Кареты остановились прямо перед домом. Распахнулись украшенные замысловатым гербом дверцы, выпуская слуг в кожаных и полотняных передниках, внушительных лакеев в незнакомых серебристо-голубых ливреях и напудренных париках, а также несколько человек в вечерних костюмах с футлярами для музыкальных инструментов в руках. Вслед за ними показалась процессия повозок и фургонов, нагруженных провизией. Фарнхерст подвергся вторжению!
На ступеньках Фрэнсис ждал дворецкий. Сунув ей в руки записку, он величественной походкой вернулся в дом.
Письмо не было личным посланием, а представляло собой всего лишь указание прислуге: «Его светлость маркиз Риво получает дом в свое полное распоряжение на сегодняшний вечер для устройства праздника. Ожидаю полной поддержки от всех домочадцев. Доннингтон».
Но почему? Кто такой этот маркиз? В течение следующего часа Фрэнсис наблюдала, как тихий дом погружается в хаос.
Повар-француз и его двадцать помощников оккупировали кухню, расставив повсюду корзины с хлебом и фруктами. За ними последовали целые говяжьи и бараньи бока, связки цыплят и кроликов, два неощипанных лебедя и целая стая крошечных садовых овсянок – настоящее кулинарное буйство. Среди птиц лежал непонятно как туда попавший кролик с темно-серым мехом, его уши были безвольно раскинуты среди птичьих перьев. Наверное, он упал с повозки, и его подобрали и сунули куда придется. Фрэнсис отвернулась. Уже пять лет она не прикасалась к мясу.

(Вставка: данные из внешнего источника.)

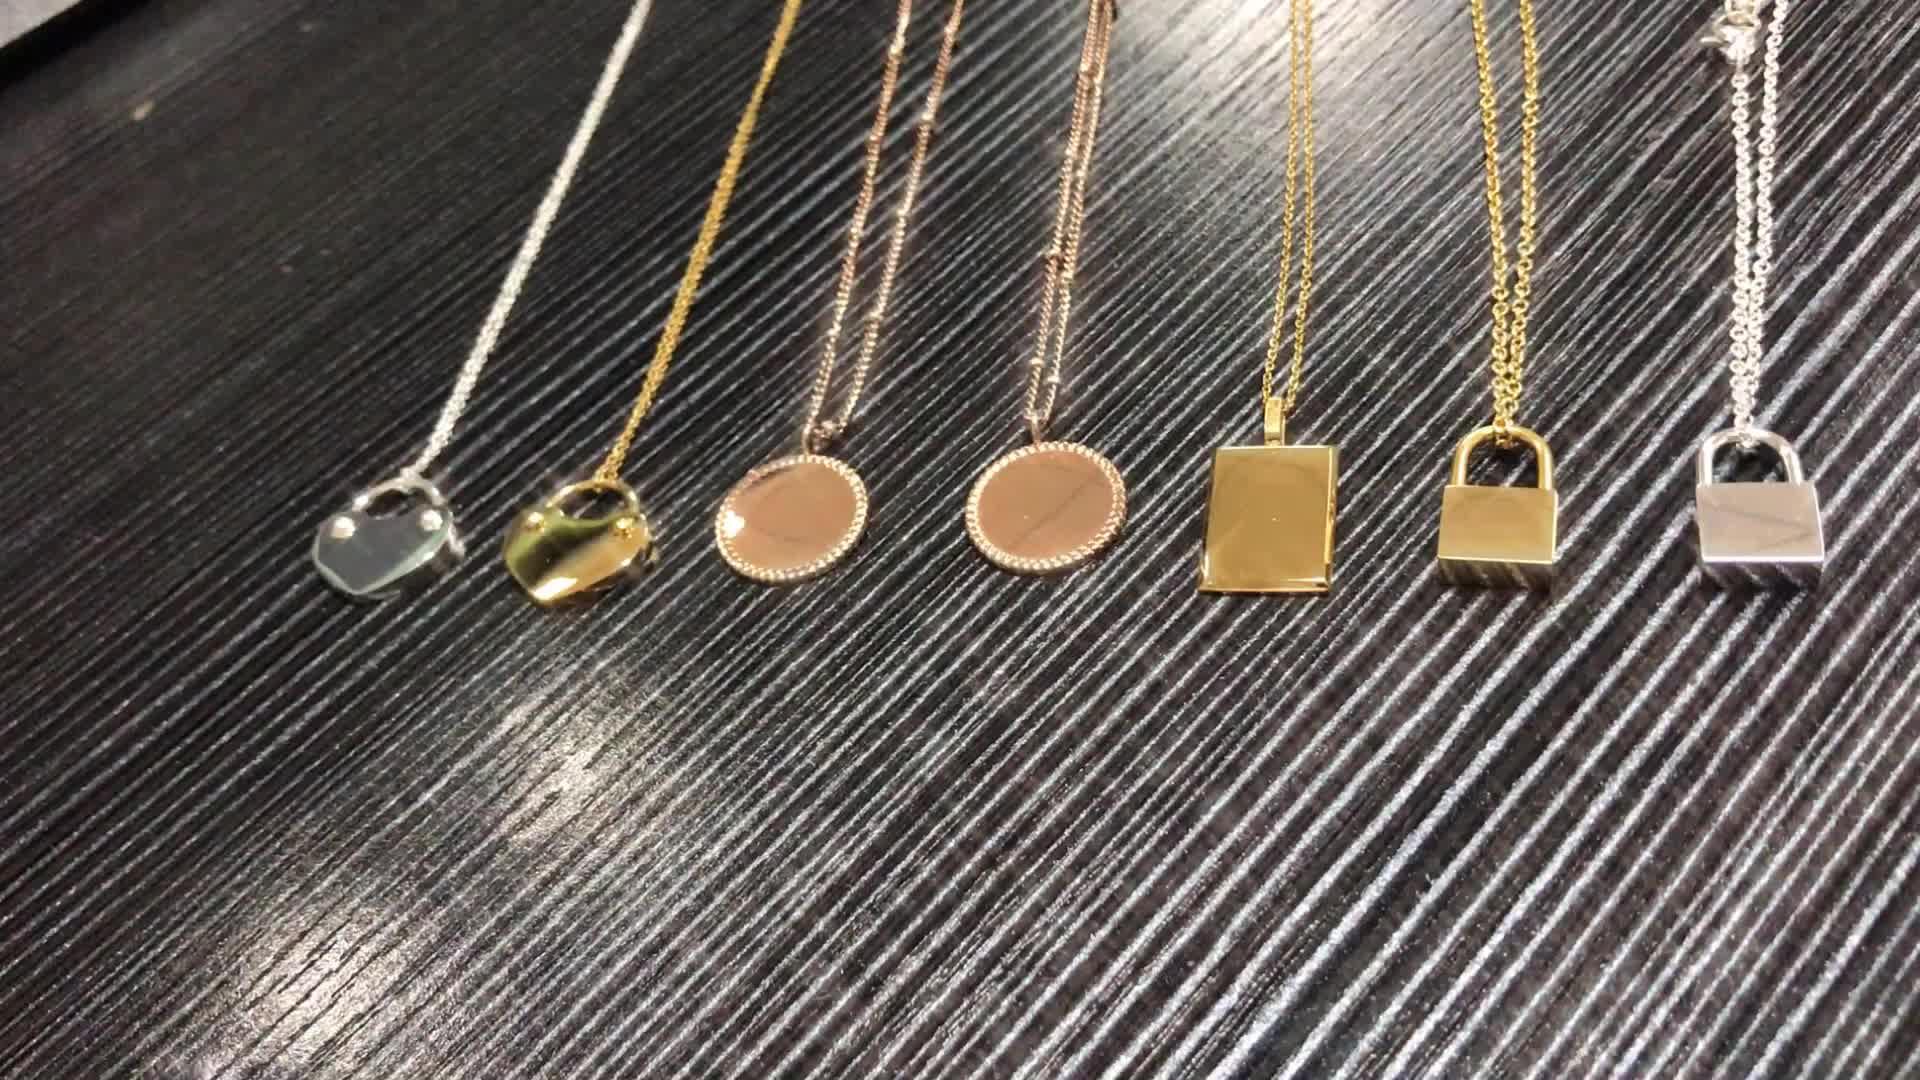 2019 ファッションゴールドロックネックレス彫刻ステンレス鋼ネックレスベンダー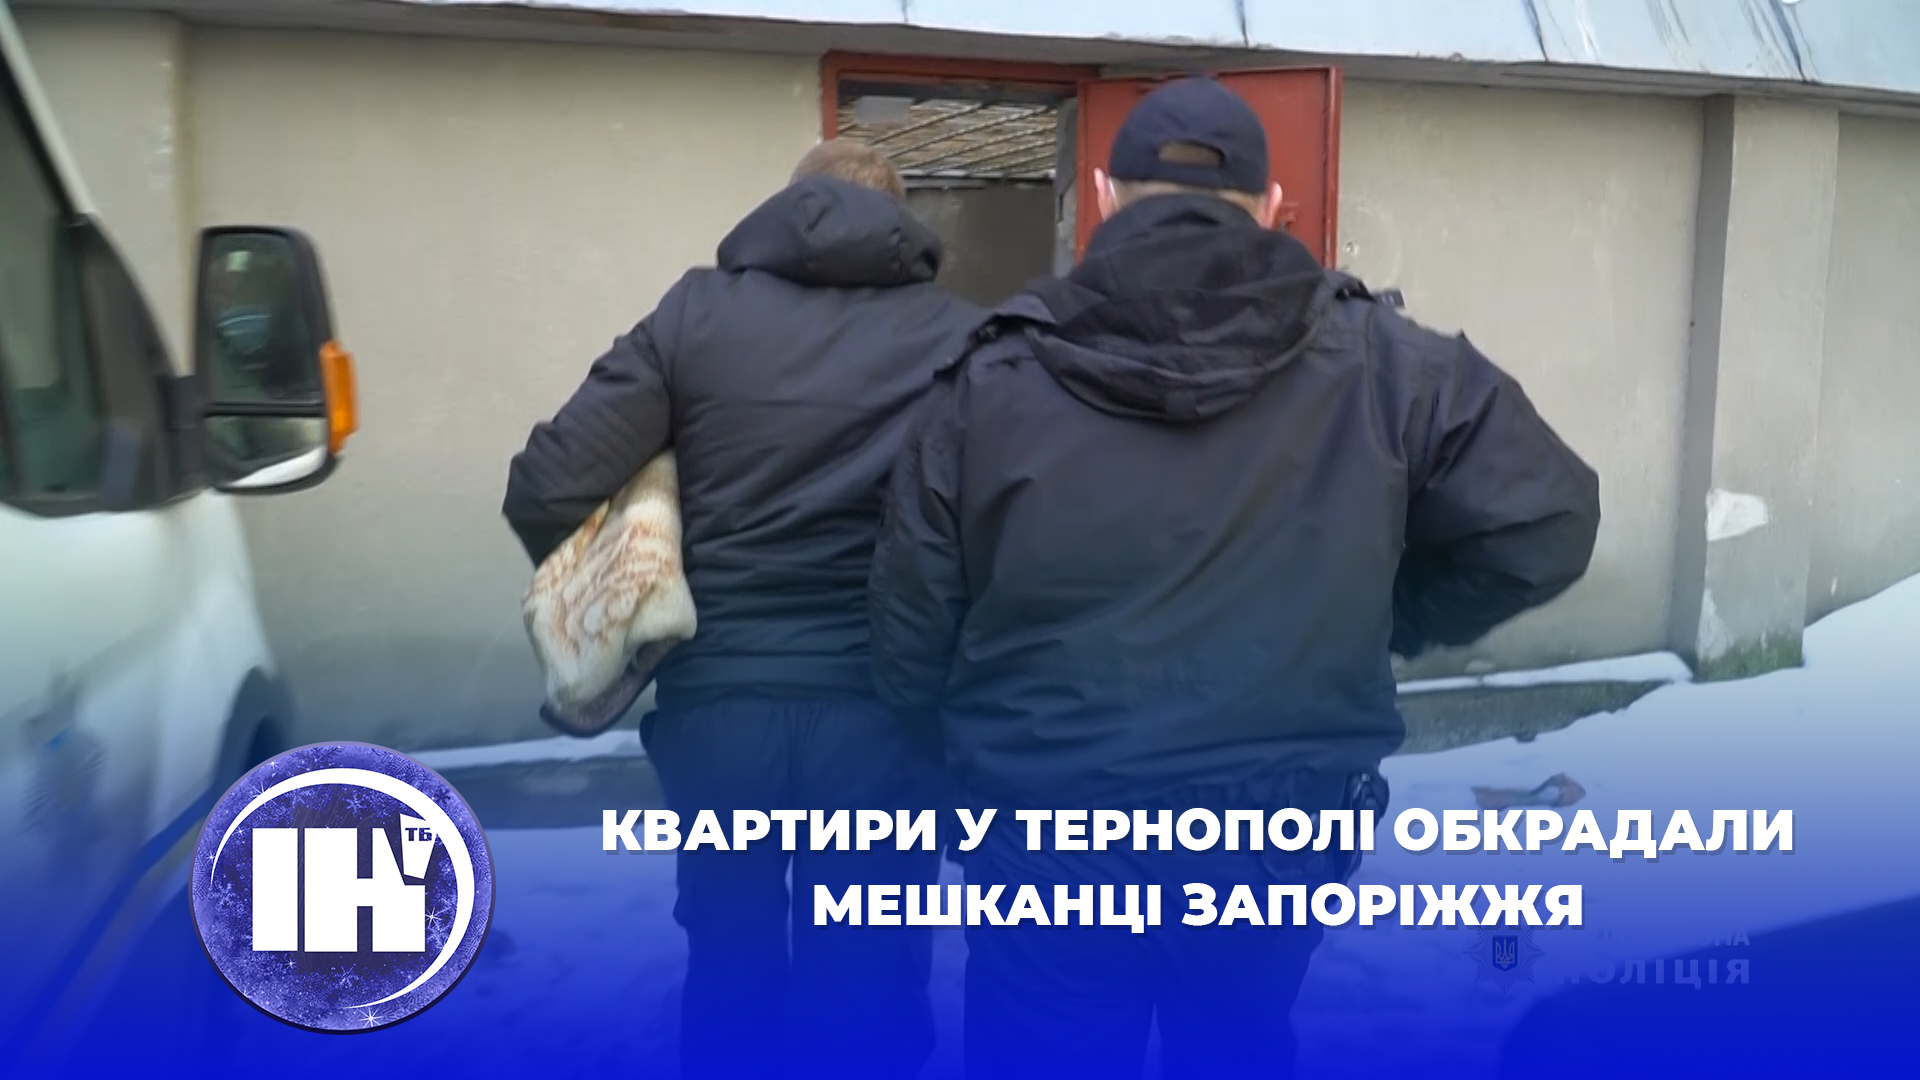 Троє запорізьких домушників обкрадали квартири Тернополя

Слуги сновали по дому, переставляя мебель и скатывая ковры. Спальни были перевернуты вверх дном, постели вынесены на воздух для проветривания. Музыканты принялись репетировать, наполнив дом ужасной какофонией звуков. В воздухе носилось имя Риво: милорд Риво предпочитает, чтобы было вот так; маркиз оставил на этот счет строгие указания. Вскоре весь постоянный персонал Фарнхерста погрузился в кареты и исчез, оставив Фрэнсис в окружении незнакомцев. Для устройства праздника… Какого праздника? Страх терзал сердце Фрэнсис. Она удалилась в библиотеку и закрыла за собой дверь.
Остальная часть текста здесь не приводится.